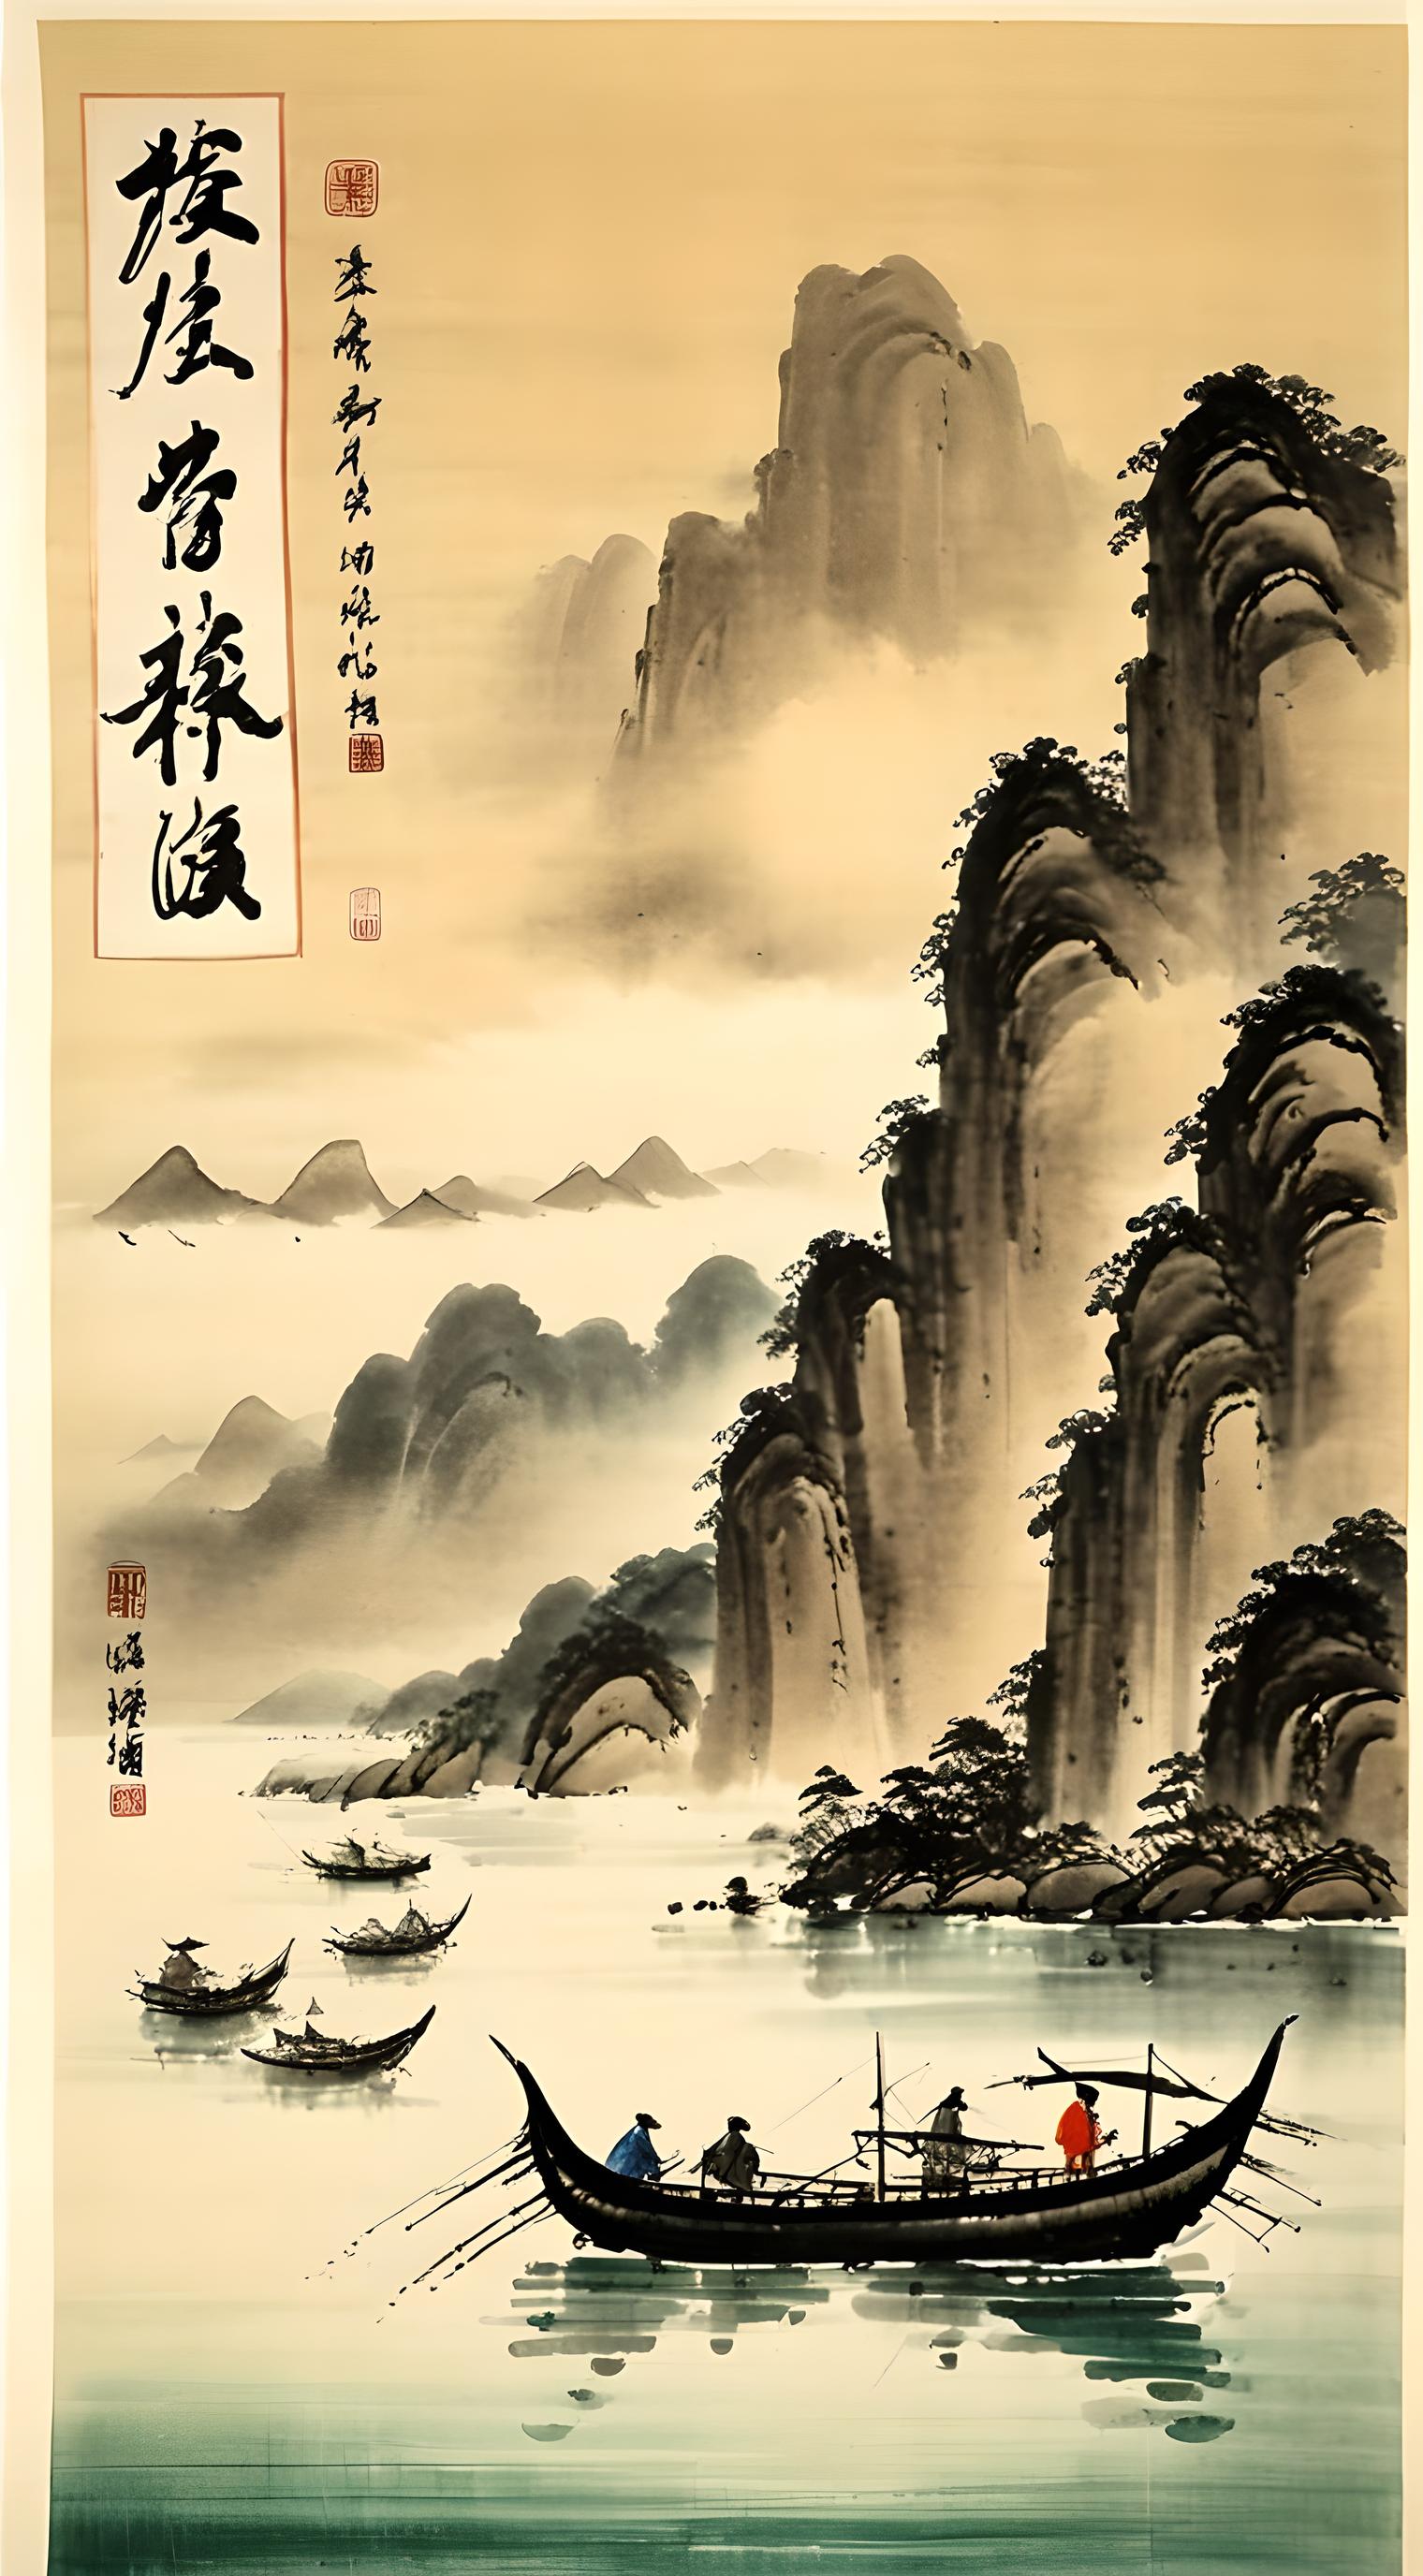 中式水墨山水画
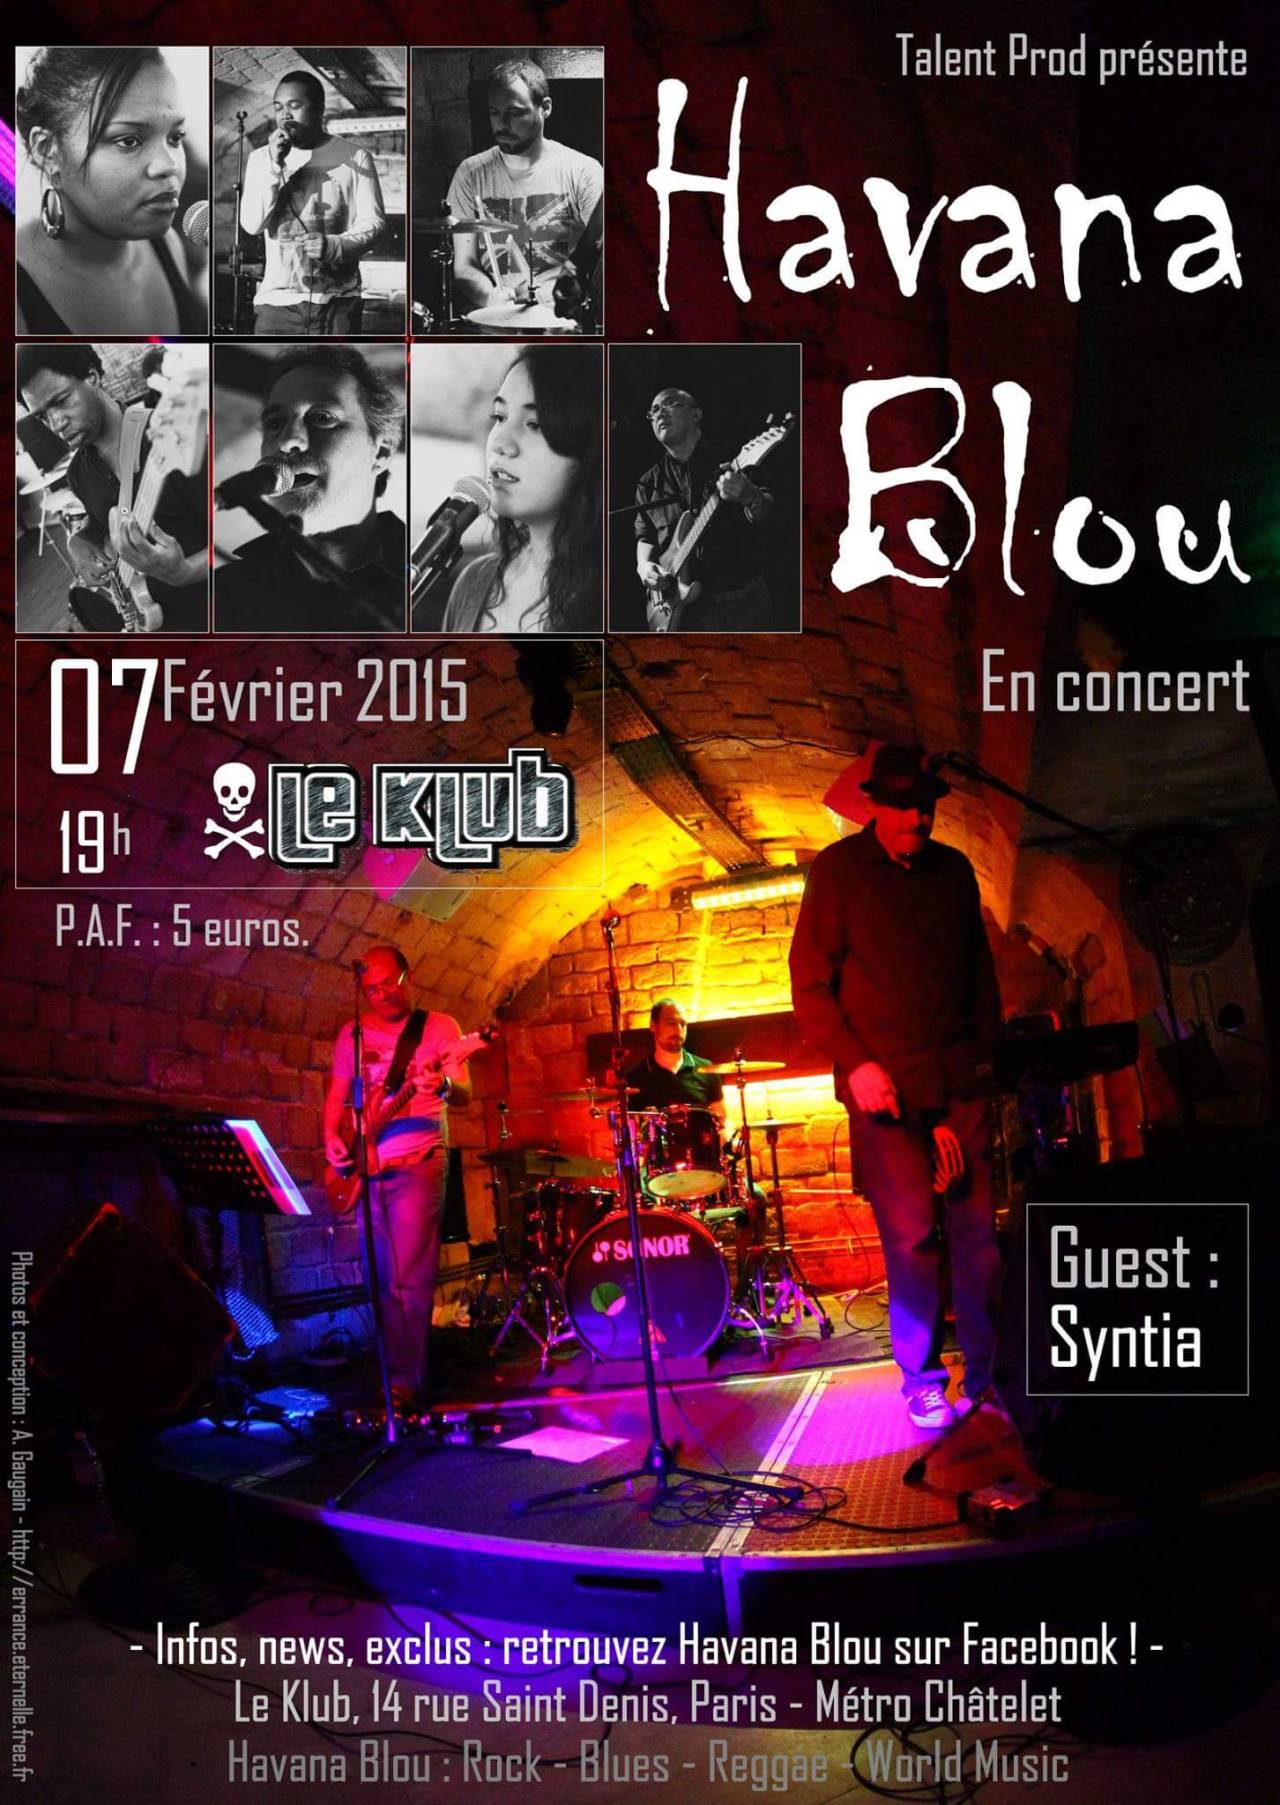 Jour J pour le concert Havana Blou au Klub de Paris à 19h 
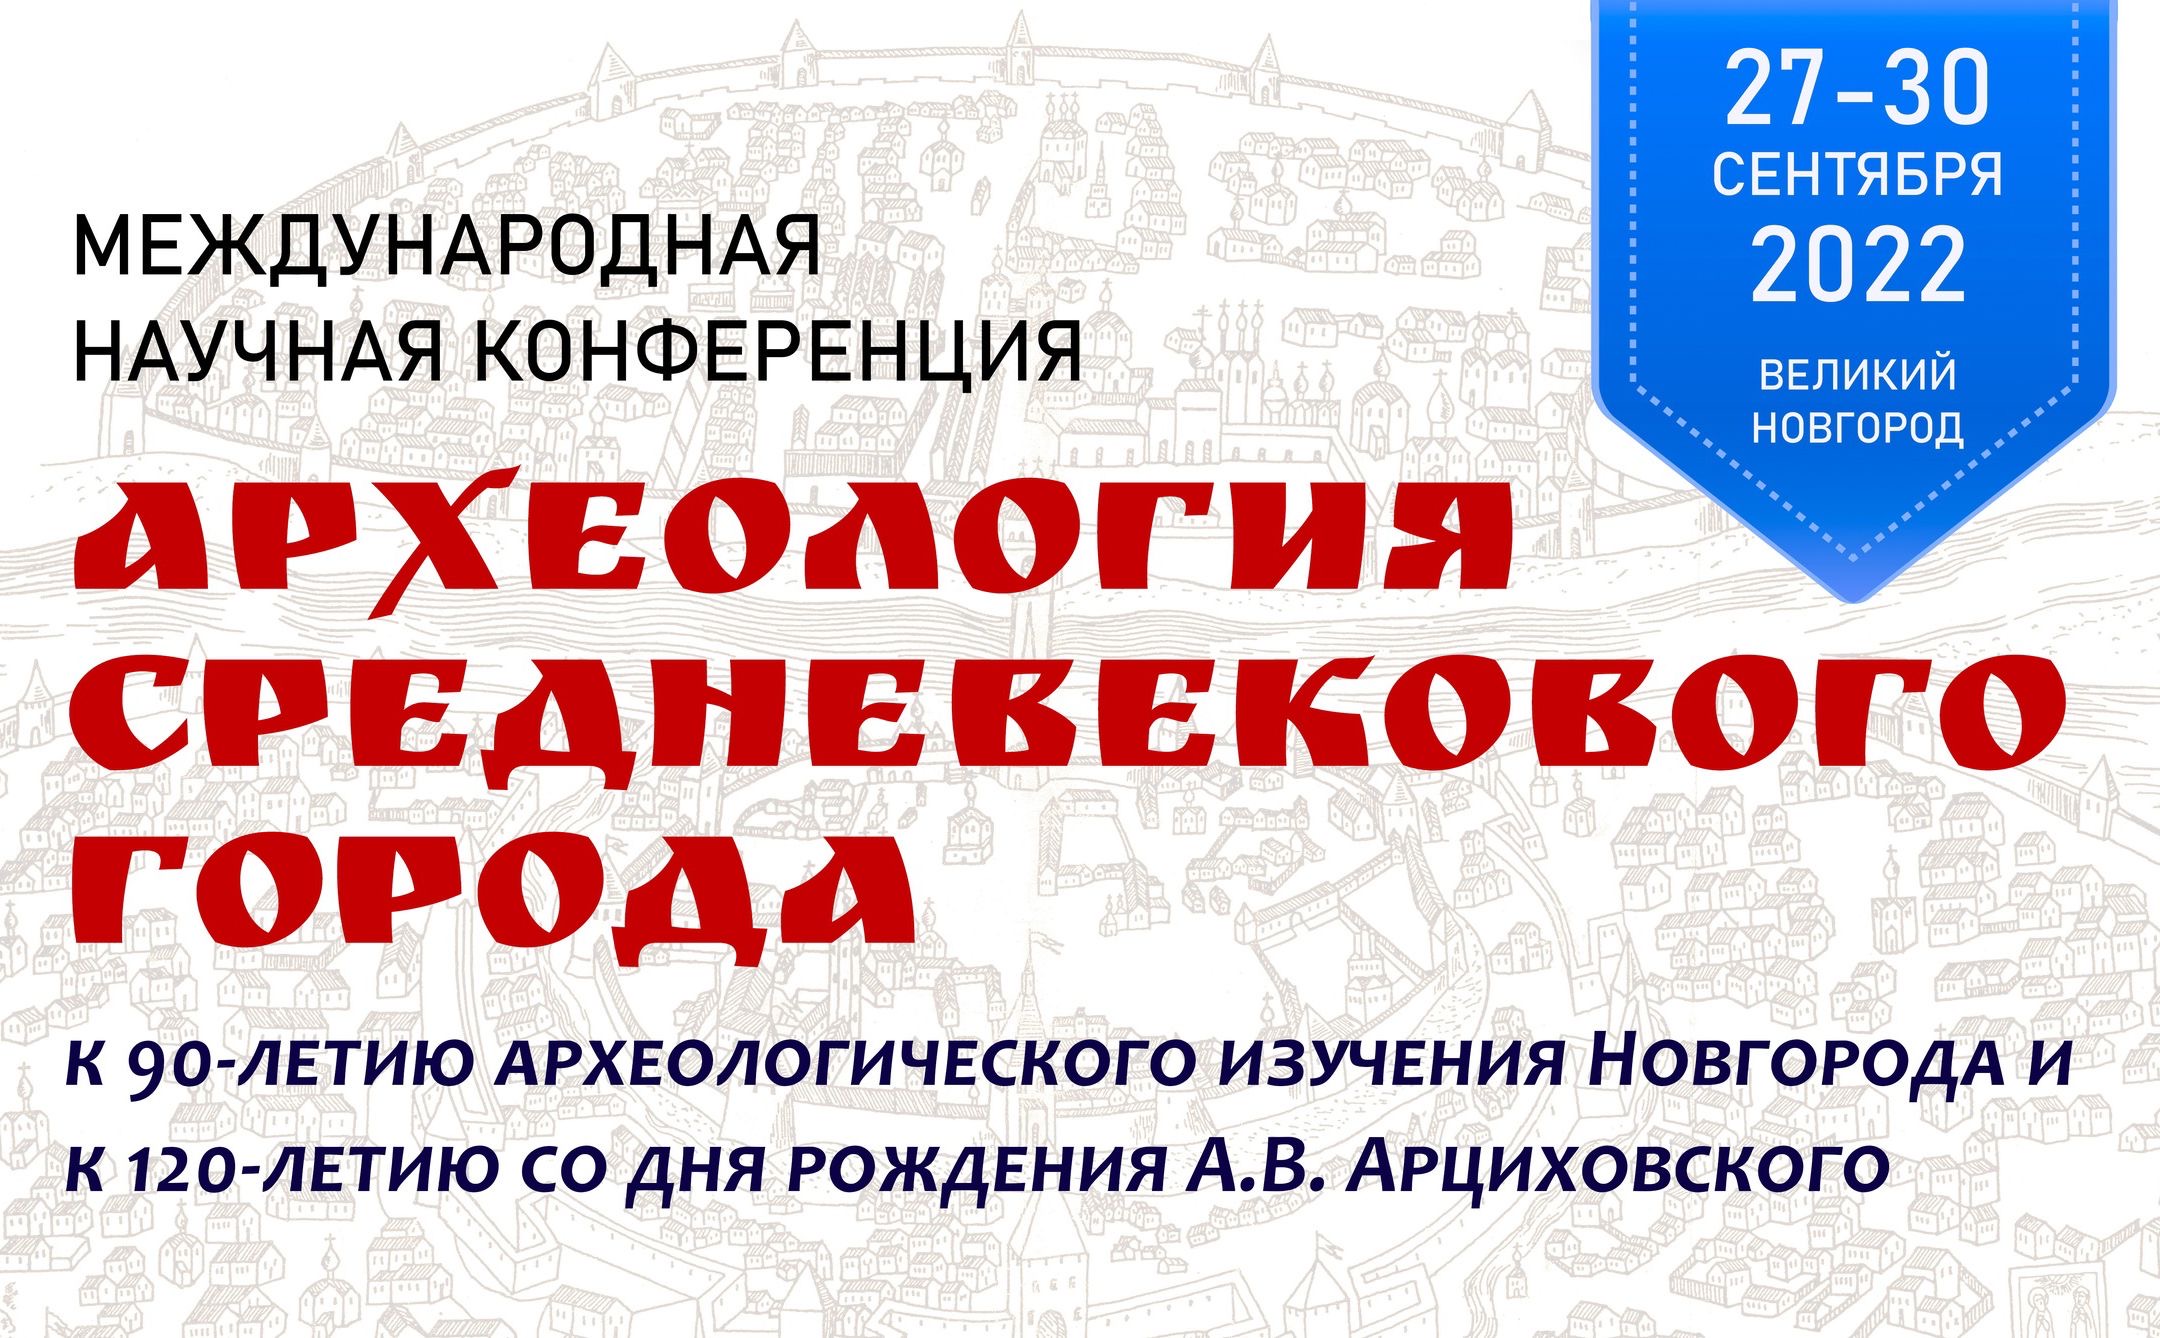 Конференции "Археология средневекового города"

About this task: Please return the full listing word for word, but without any pictures.

Task response:
 中式水墨山水画
 Jour J pour le concert Havana Blou au Klub de Paris à 19h 
 Конференции "Археология средневекового города"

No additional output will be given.